As I recall, a different package is often
recommended but I don't know which is best.

This is what some of us use:
http://ruby-htmltools.rubyforge.org/ (Ned Konz +)

Examples are included but here's another ...

#-----------------------------------------------------------------
EXAMPLE = <<EOX
<html lang="en">
<head>
<title>Page title</title>
</head>
<body>
<div id="Header">
<h1><a href="http://xxxx.net/"><em>q</em>URL.net</a></h1>
<p>For When You Want a Quick URL</p>
</div>
<hr>
<div id="Content">
<form action="http://xxxx.net/" method="post">
<fieldset>
<legend>Enter a <abbr title="Uniform Resource Locator">URL</abbr> to make into a xxxx:</legend>
<input id="InputURL" type="text" size="40" maxlength="65535" name="url" value="">
<input type="submit" name="action" value="Create xxxx">
</fieldset>
</form>
</div>
<hr>
<a href="http://xxxx.net/pages/contact">Contact</a> -
<a href="http://xxxx.net/downloads/">Downloads</a> -
<a href="http://xxxx.net/">Create</a> -
<a href="http://xxxx.net/pages/terms">Terms of Use</a> -
<a href="http://xxxx.net/pages/list">List</a> -
<a href="http://xxxx.net/pages/prefs">Preferences</a>
</body>
</html>
EOX


require 'html/tree' # http://ruby-htmltools.rubyforge.org/

verbose = true

exa = HTMLTree::parser.new(verbose, !false)
#exa.parse_file_named('xxxx_net.html')
exa.feed(EXAMPLE) # replaces '.parse_file_named'

item_a = exa.html.select {|ea| ea.tag == 'a'}
item_a.each {|ea| p [:ahref, ea['href']]}
puts '+'*100

exa.html.each do |ea|
p [ea.tag, ea['href']]
ea.each do |item|
if item.data?
p [:data, item.to_s]
elsif item.tag == 'a'
item['href'].sub!(/xxxx/, 'mysite')
end
end
puts '='*100
ea.dump
end

### exa.html.dump

#-----------------------------------------------------------------


Output from the script above is too long to post here,
so I've uploaded it to:
http://www.d10.karoo.net/ruby/example_html_parse.txt


Hope this is of some use,


daz
 
B

Brad Wilson

If you're comfortable "cleaning it up", why not tidy it to XHTML then
use the XML parser? This is the approach I took recently when I needed
it.
 
B

Bucco

I have a couple of more questions then:

1. I tried the example for the htmltokenizer and got an error around
assert. Where/what is the assert method?

2. What do you mean by "slurp" in the rest of the text?
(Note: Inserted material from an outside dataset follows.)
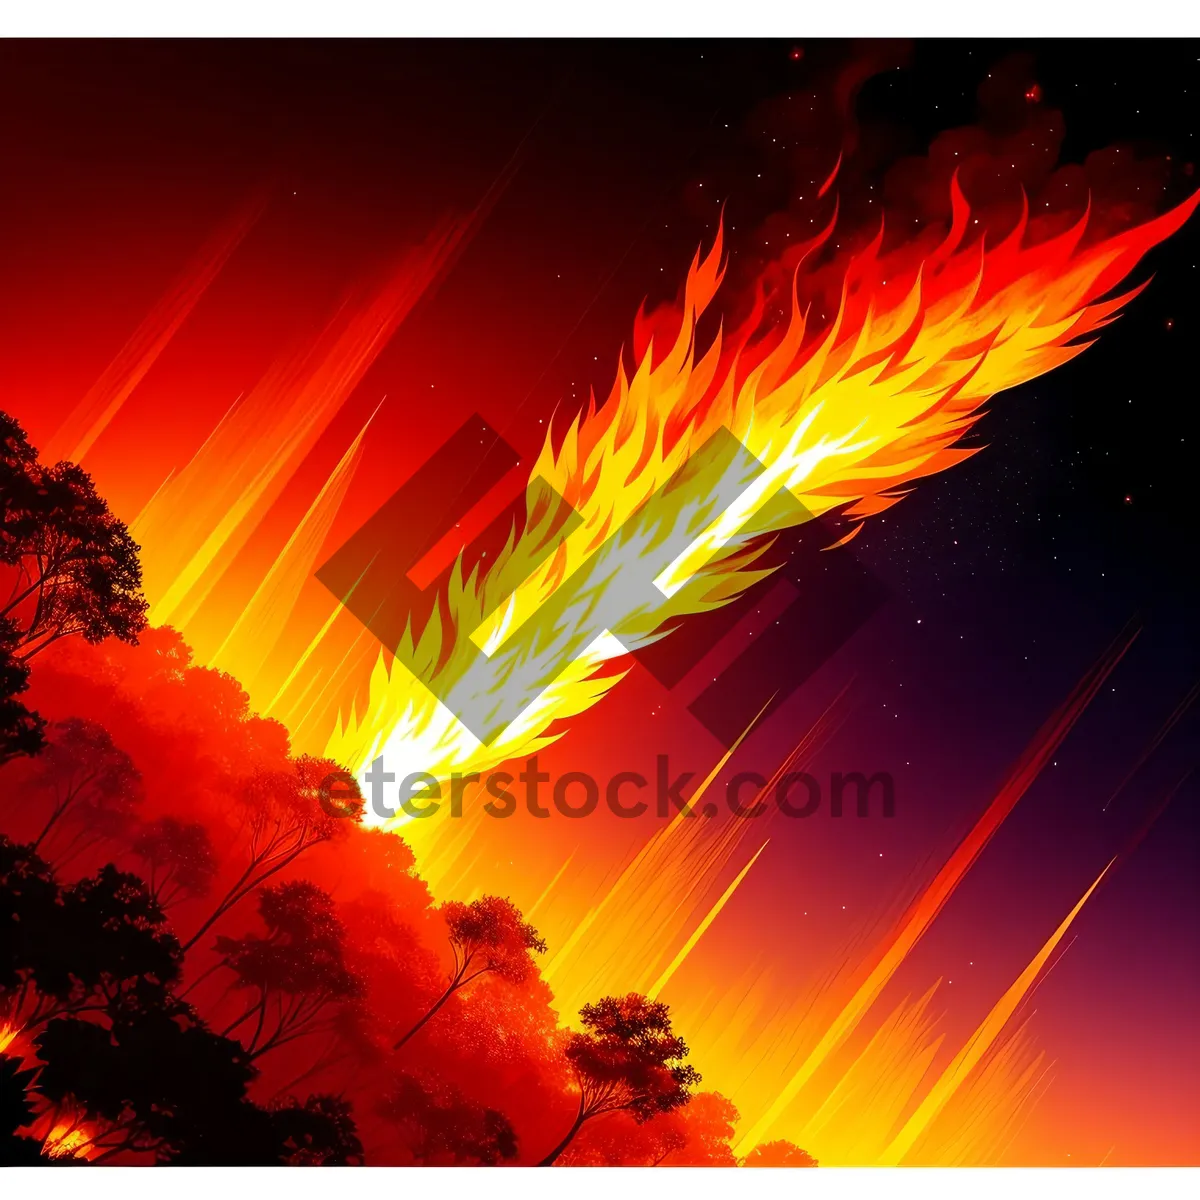 Picture of Colorful Celestial Fireworks Explosion in Night Sky

3. Any better examples how to use htmltokenizer?

Thanks:)
SA
 
W

why the lucky stiff

Bucco said:
Sorry for the newbie question. I am trying to find the best metod for
parsing a HTML file and changinf one tag/item. Unfortunately, REXML
chokes on the file because of the incomplete tags. Completing the tag
is not an option either. What is the best way to find a specific tag
in an html file, change it's text and attribute settings?
Hi. I know I'm a bit late to the discussion, so 'sokay if you have an
answer already.

A really fantastic HTML parser library is HTree by Tanaka Akira.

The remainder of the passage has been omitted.